Si le miracle est nécessaire à la Parole pour signifier qu’elle est Parole de Dieu, la Parole elle aussi accompagne toujours le miracle. Pourquoi ? Pour nous dire justement que ce qui fait la valeur du miracle, ce n’est pas son aspect extra-ordinaire, mais bien son contenu : l’annonce, par la Parole, de la Rédemption que le miracle vient appuyer, et à laquelle il nous faut justement donner notre foi !

Ainsi en va-t-il la plupart du temps des miracles opérés par Jésus sur les malades, les boiteux, les aveugles, les paralysés, les possédés… Ce à quoi nous devons adhérer, ce n’est pas tant le fait sensationnel de ces guérisons que le sens profond dont elles sont le signe : la guérison du cœur qui se trouve à l’instant délivré de l’esclavage du Mal. L’objet de notre foi doit être en effet la guérison intérieure de l’âme.

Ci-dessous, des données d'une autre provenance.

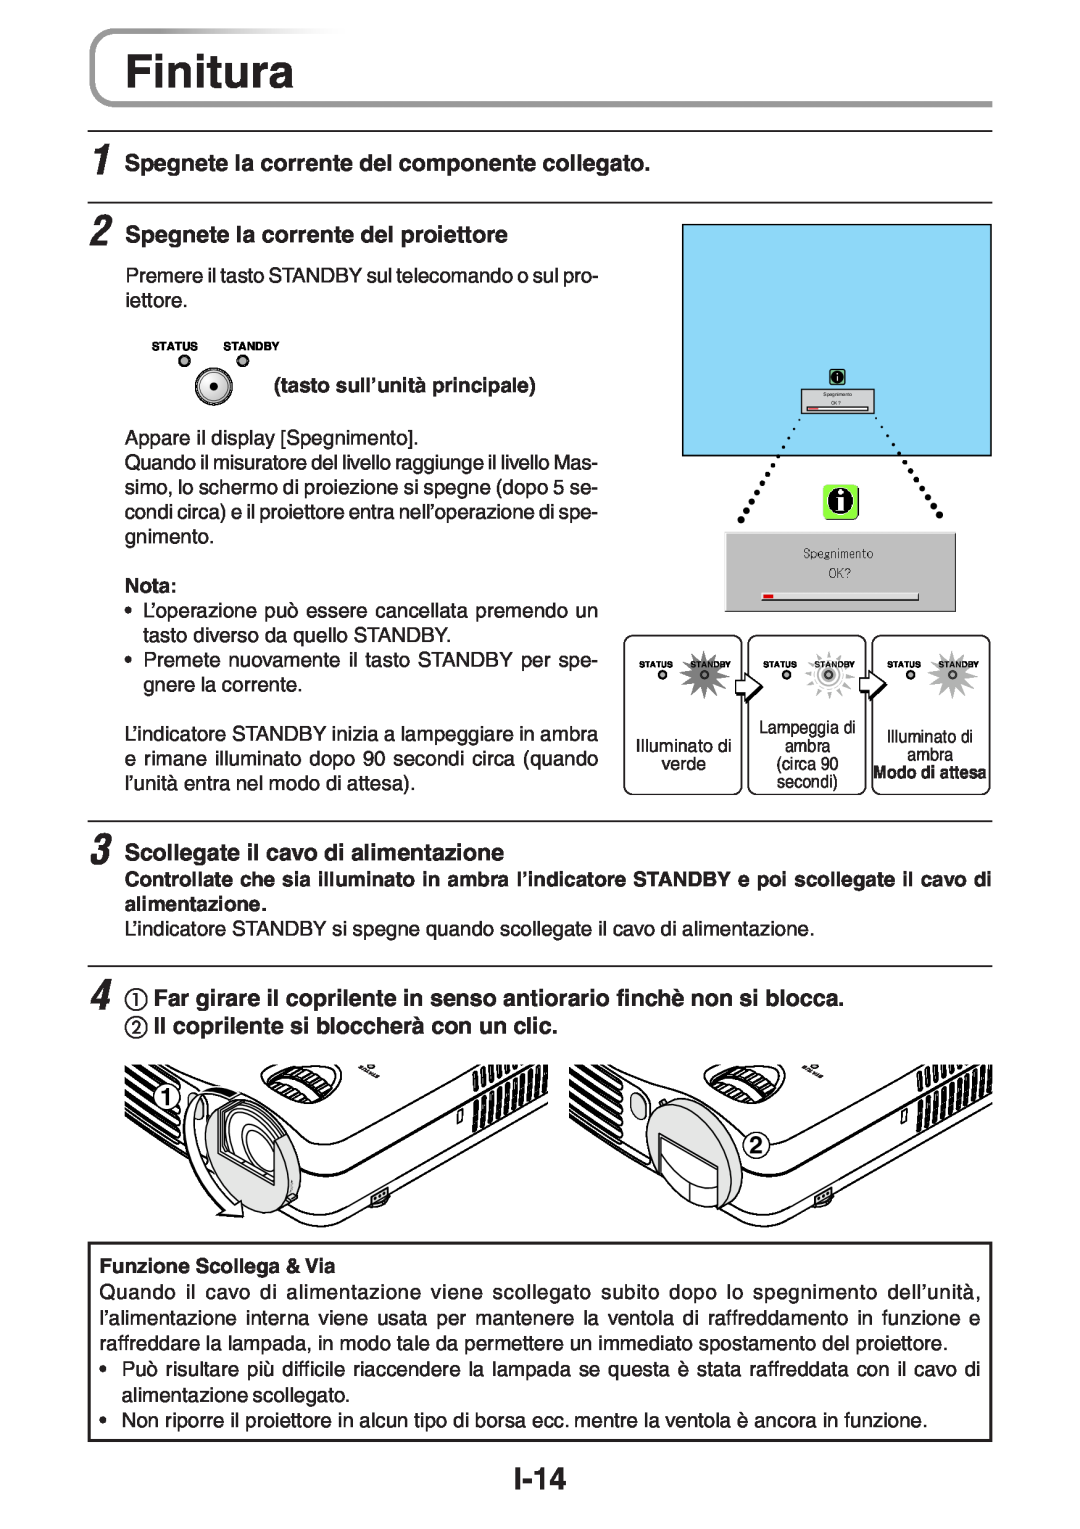 3M PX5 user manual Finitura, I-14, Spegnete la corrente del componente collegato, Spegnete la corrente del proiettore

Pour conclure, demandons la grâce de voir qu’il y a en nous des miracles qui se produisent sans cesse. Ce sont les miracles opérés par les sacrements. Eux aussi sont l’œuvre de Dieu. Comme la Parole qui les accompagne toujours, eux aussi produisent efficacement ce qu’ils signifient. Ainsi dans notre communion eucharistique dominicale, recevrons-nous réellement le Verbe incarné, créateur et libérateur.

Mgr Jean-Marie Le Gall

Aumônier catholique

Hôpital d’Instruction des Armées de Percy, Clamart.